My WIP branch: https://github.com/eugeneia/snabbswitch/compare/stateful-nfv-pf
If
vif_details.stateless_pf
is a false value, then the returned PacketFilter config will containstate_track=<port.id>
andstate_check=<port.id>
(in both ingress and egress filters). If I understand this correctly that means:
- If the port establishes an egress connection to a client, the client's packets on that connection will pass regardless of the port's ingress rules.
- If a client establishes an ingress connection to the port, the port's packets on that connection will pass regardless of the port's egress rules.
Right? Wrong?
Right.
In the 'global' part (not as part of any rule), the state_track=...
is applied after the rules and tracks packets that pass any rule, while the state_check=...
is applied before the rules, and passes (without further checking) packets that match a tracked connection.
I added a Stateless Packet Filtering section to our Neutron API Extensions document.
@eugeneia Does this look okay to you? (If yes then can you hack neutron2snabb
and nfvconfig
etc to make it so?)
Closing this issue as resolved.
The Neutron API Extensions page documents our packet filtering behavior.

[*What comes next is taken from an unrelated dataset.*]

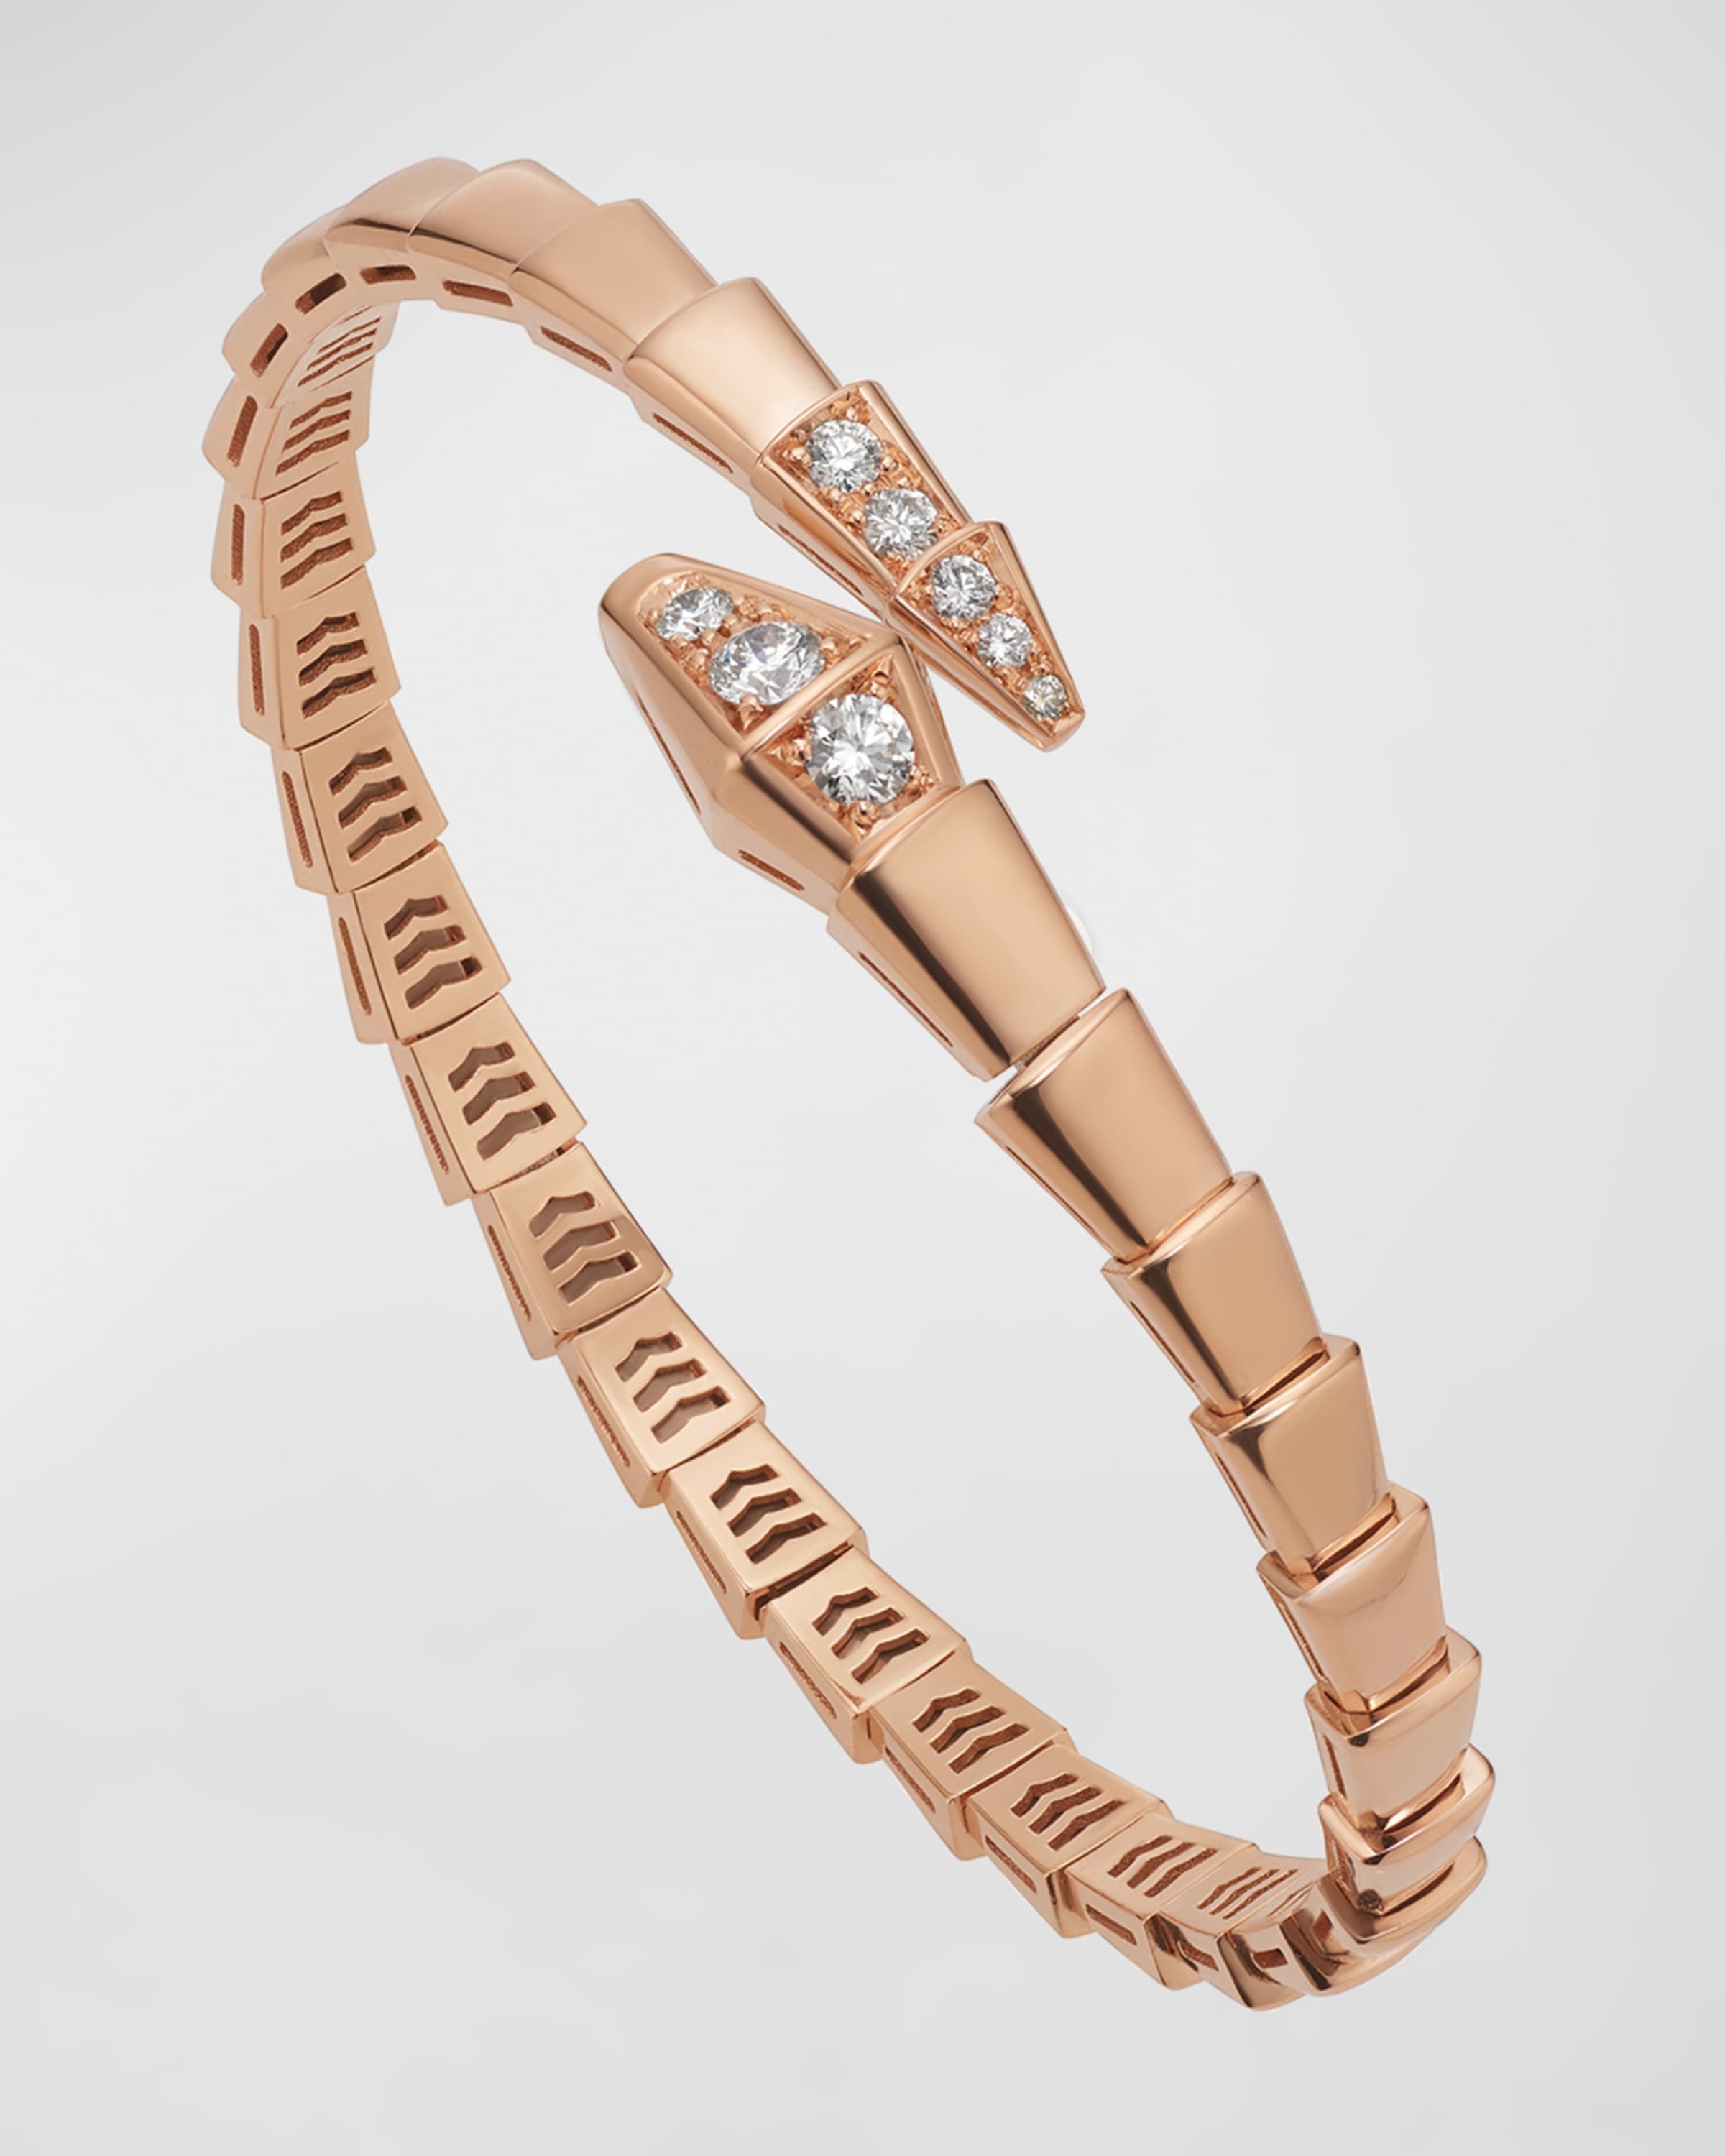 Serpenti Viper Bracelet in 18k Rose Gold and Diamonds, Size L - 3

The default behavior is stateful filtering and no special explanation of that is required because it is the same as the normal Neutron behavior (not an extension). The stateless mode is optional and is documented as an extension.
The Neutron API Extensions document needs to explain our interpretations of Neutron Security Groups (both stateful and stateless). Generally we need to make sure we have an interpretation that we are happy with and that agrees with the revised PacketFilter API of #375.